Improving the effectiveness and lowering the risks of gene delivery systems (vectors)
Novel gene therapy approaches using the power of CRISPR-Cas or other molecular machineries leading to more effective and robust gene delivery systems (vectors) and/or more precise and reliable correction of genetic mutations.
Technological approaches that can tackle long lasting challenges in gene therapy (e.g. the transient instead of stable expression of the transfected gene).
New technological solutions to reduce toxicity, as a result, of administering repetitive doses of viral vector(s) to patients in clinical trials.
New or improved gene delivery vehicles using next generation AAV or other recombinant vectors with the ability to target specific tissue types and persist in non-dividing cells for long periods of time.

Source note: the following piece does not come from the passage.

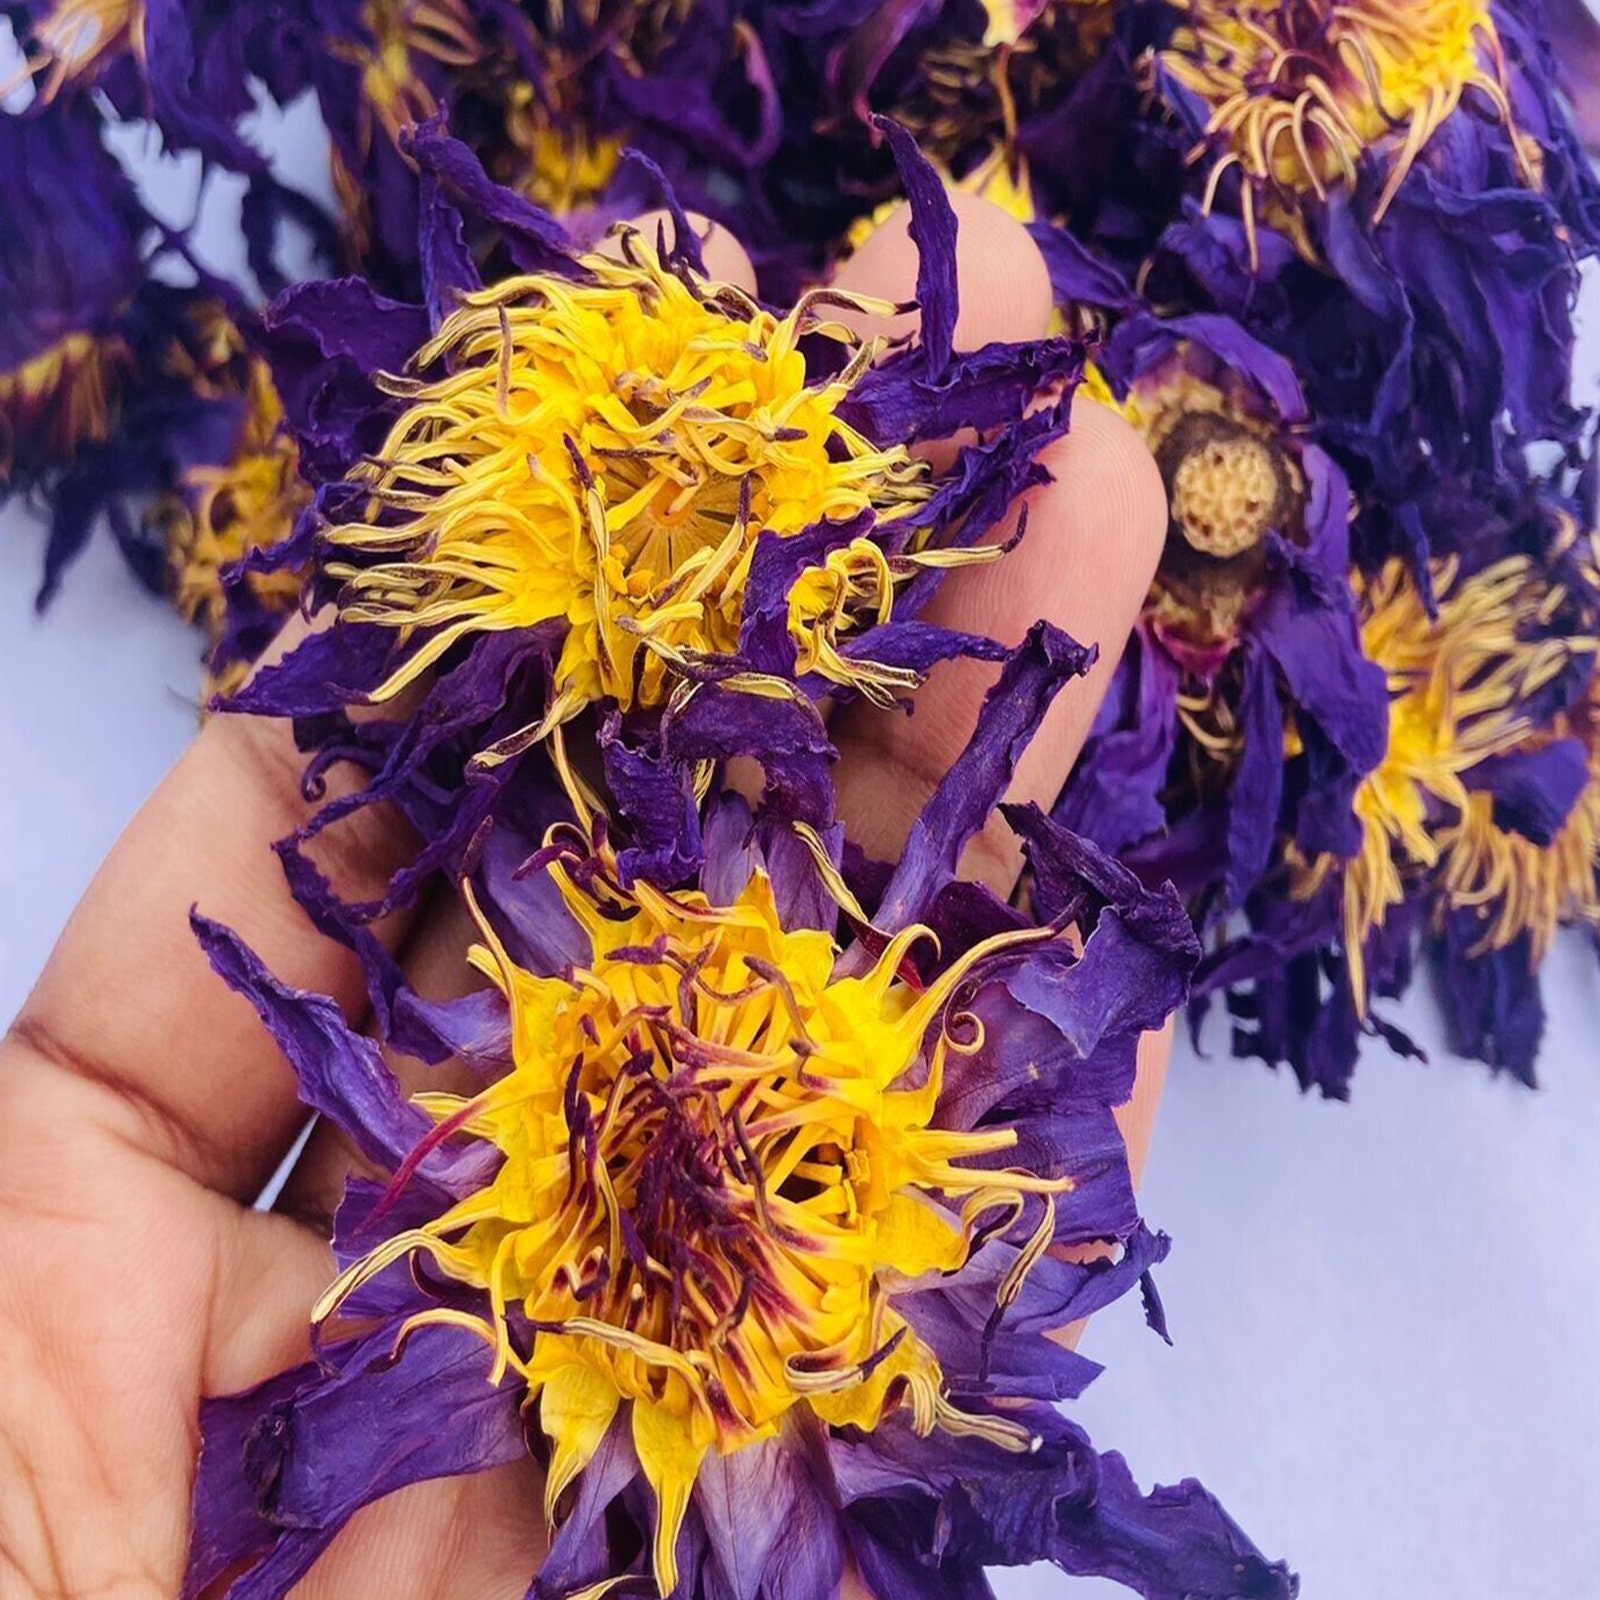 Egyptian Blue Lotus C/S Flowers (Nymphaea caerulea) - Pesticide Free -  Fresh Harvest - Pharaoh's Fantasy™ Grade - Free Shipping in USA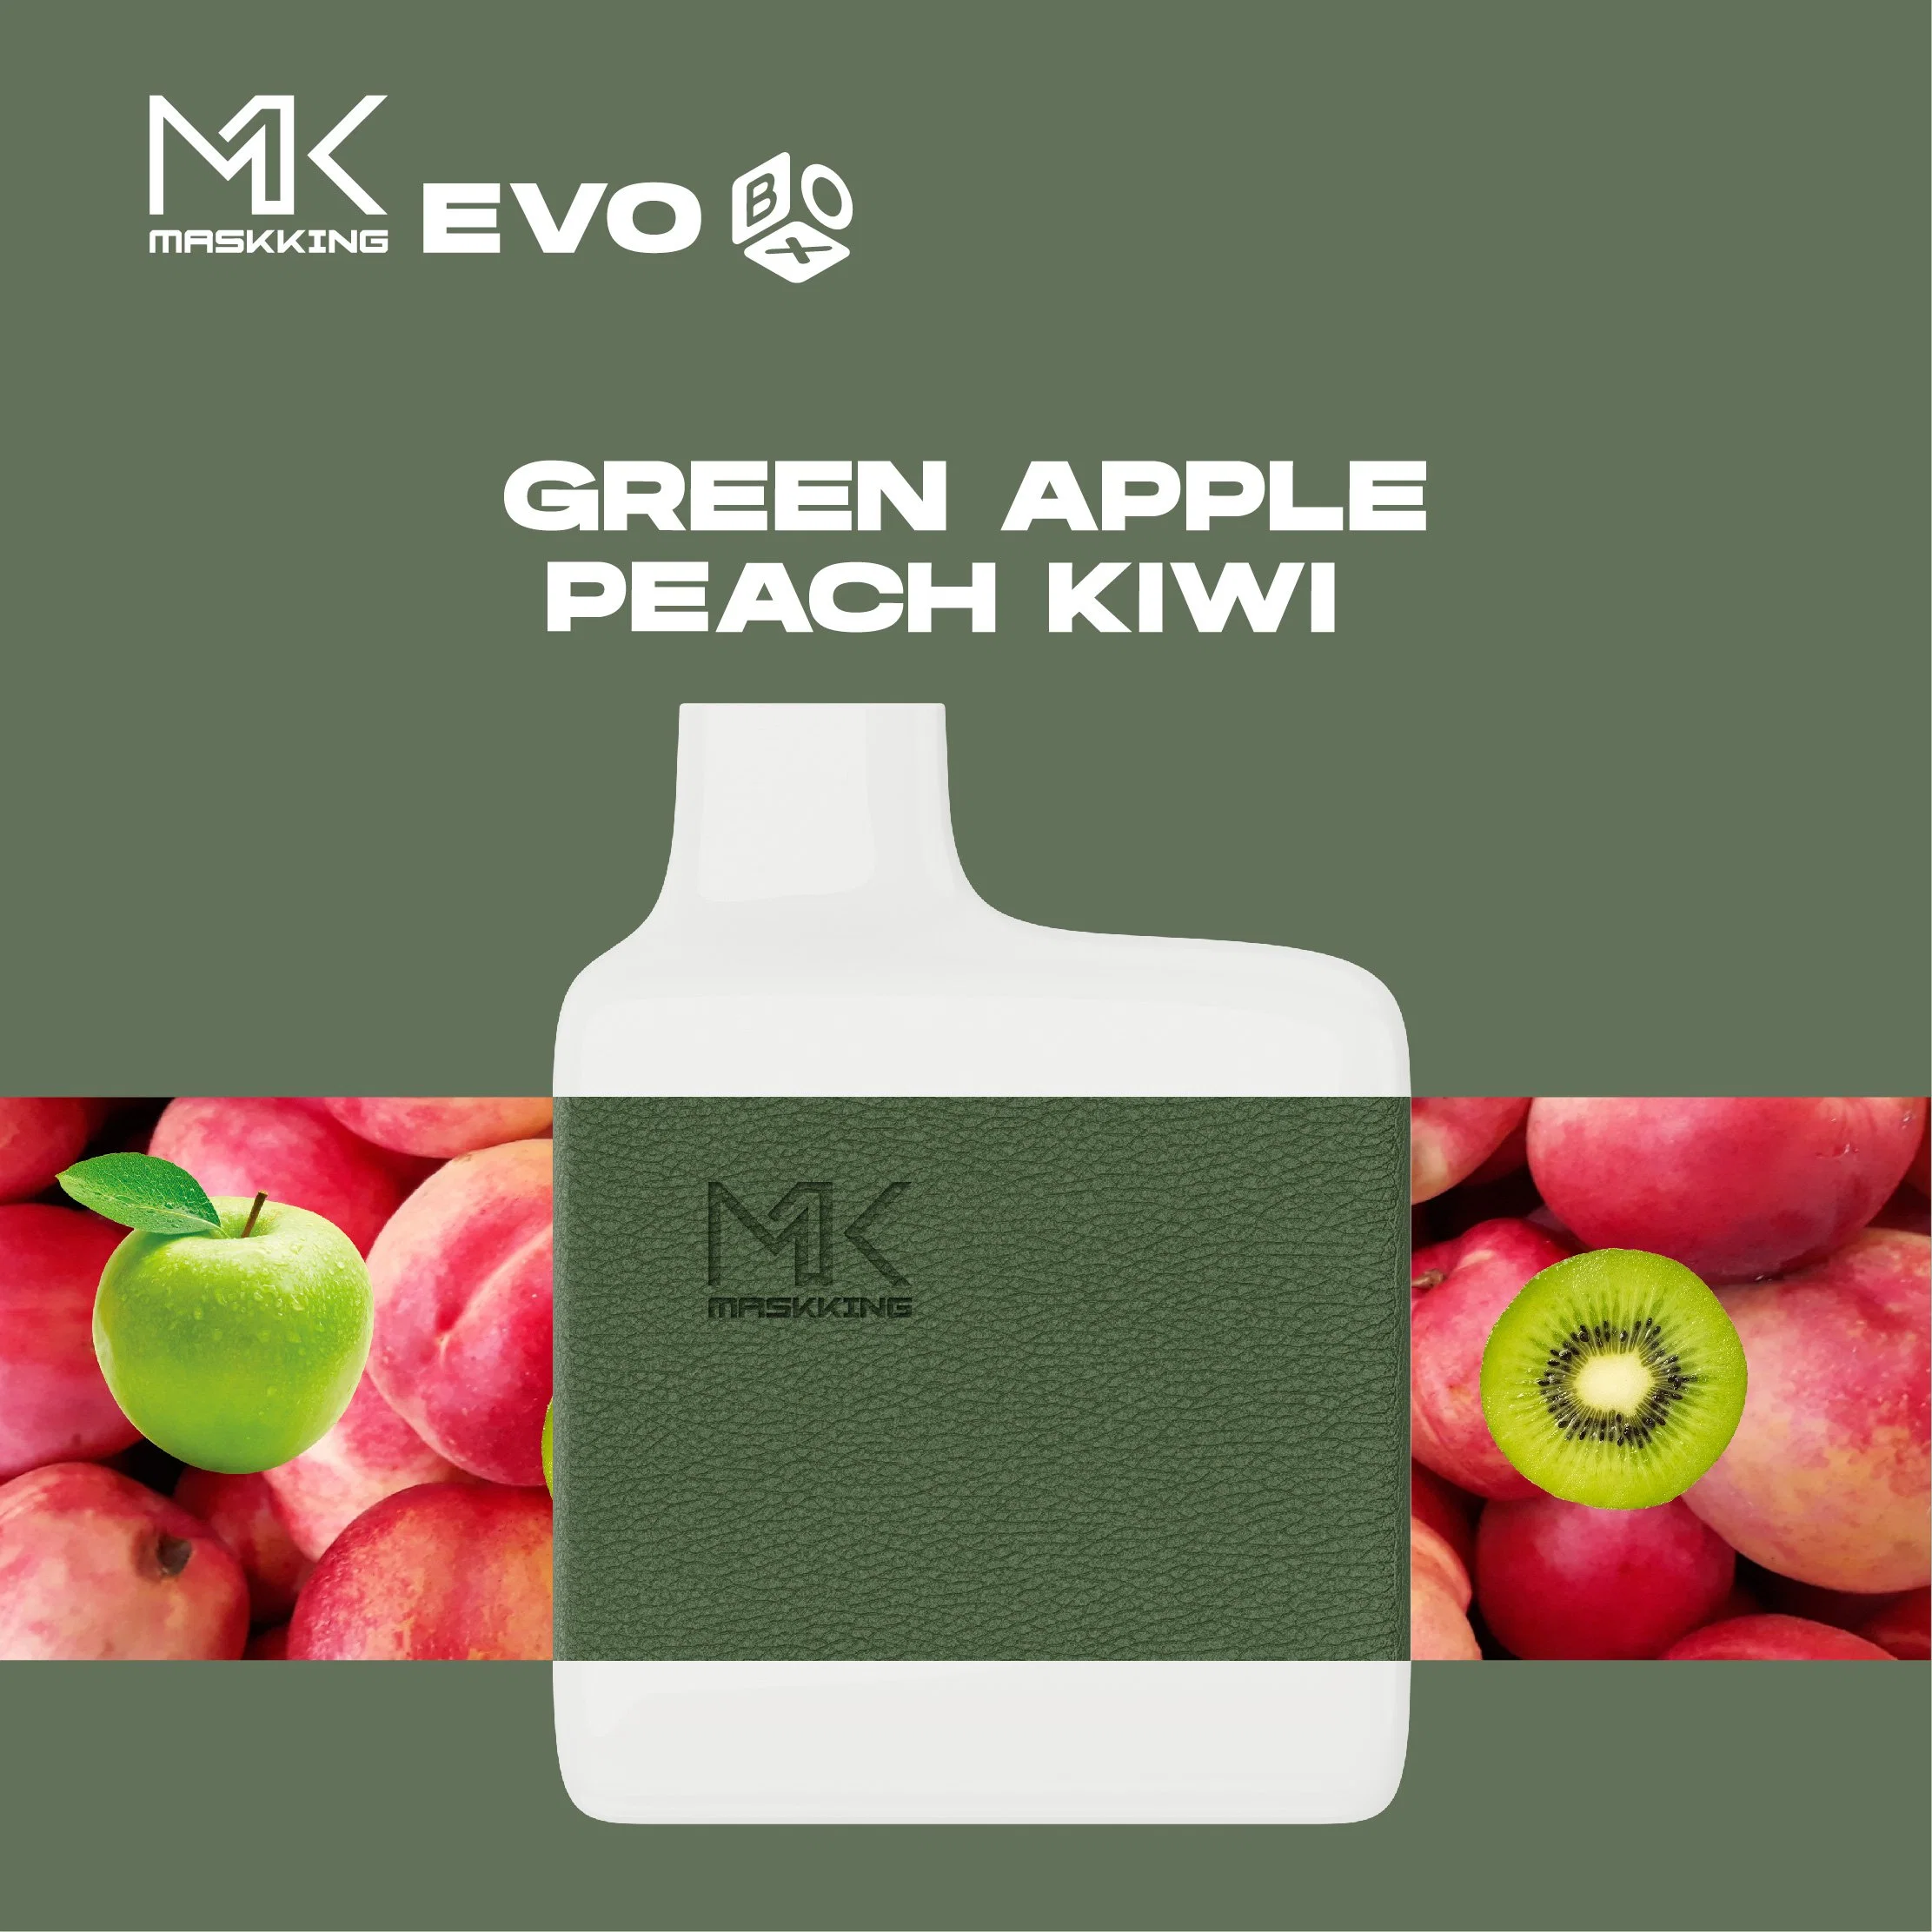 Maskking Evo Box 5000+Puffs 19 Flavors 12ml Oil 550mAh Rechargeable Vape

Improving gene therapy manufacturing processes and production
With the first gene therapies on the market and dozens more in trials, the race is on to improve the production and manufacturing processes to deploy gene therapies at scale. Technological solutions are sought to effectively control challenges in the production of viral vectors at the large scales needed to reach the clinical trial step. Speed is critical, yet excessive speed can put product quality, safety, and efficiency at risk.
Specific conditions for this challenge
In order to apply, your proposal must focus on emerging technologies or breakthrough new concept-based technological solution that go far beyond the current state-of-the-art, aimed to overcome cell and gene therapy challenges and obstacles companies are currently being faced with, at the preclinical or clinical level or bio-manufacturing level. Proposers can submit disease or non-disease specific proposals.
Your project must aim to deliver, by its end, at least one of the specific outcomes defined for this challenge. The gender dimension in research content should be taken into account, where relevant.
How to apply
In order to apply, your proposal must meet the general as well as possible specific eligibility requirements for a specific Challenge. Please check for particular elements (e.g. specific application focus or technology) in the respective challenge chapter below.
The Pathfinder Challenges support collaborative research and innovation from consortia or applications from single legal entities (unless stated otherwise in the specific challenge chapter). In case of a consortium your proposal must be submitted by the coordinator on behalf of the consortium that includes at least two independent legal entities. The legal entities may for example be universities, research organisations, SMEs, start-ups, natural persons. In the case of mono-beneficiary projects, mid-caps and larger companies will not be permitted.
The call deadline for submitting your proposal is 27 October 2021 at 17h00 Brussels local time. You must submit your proposal via the European Funding & Tender Opportunities Portal.
Sections 1 to 3 of the part B of your proposal, corresponding respectively to the evaluation criteria Excellence, Impact, and Quality and Efficiency of the Implementation, must consist of a maximum of 25 A4 pages.
You will be informed about the outcome of the evaluation 5 months after call deadline (indicative), and your grant agreement will be signed by 8 months after call deadline (indicative).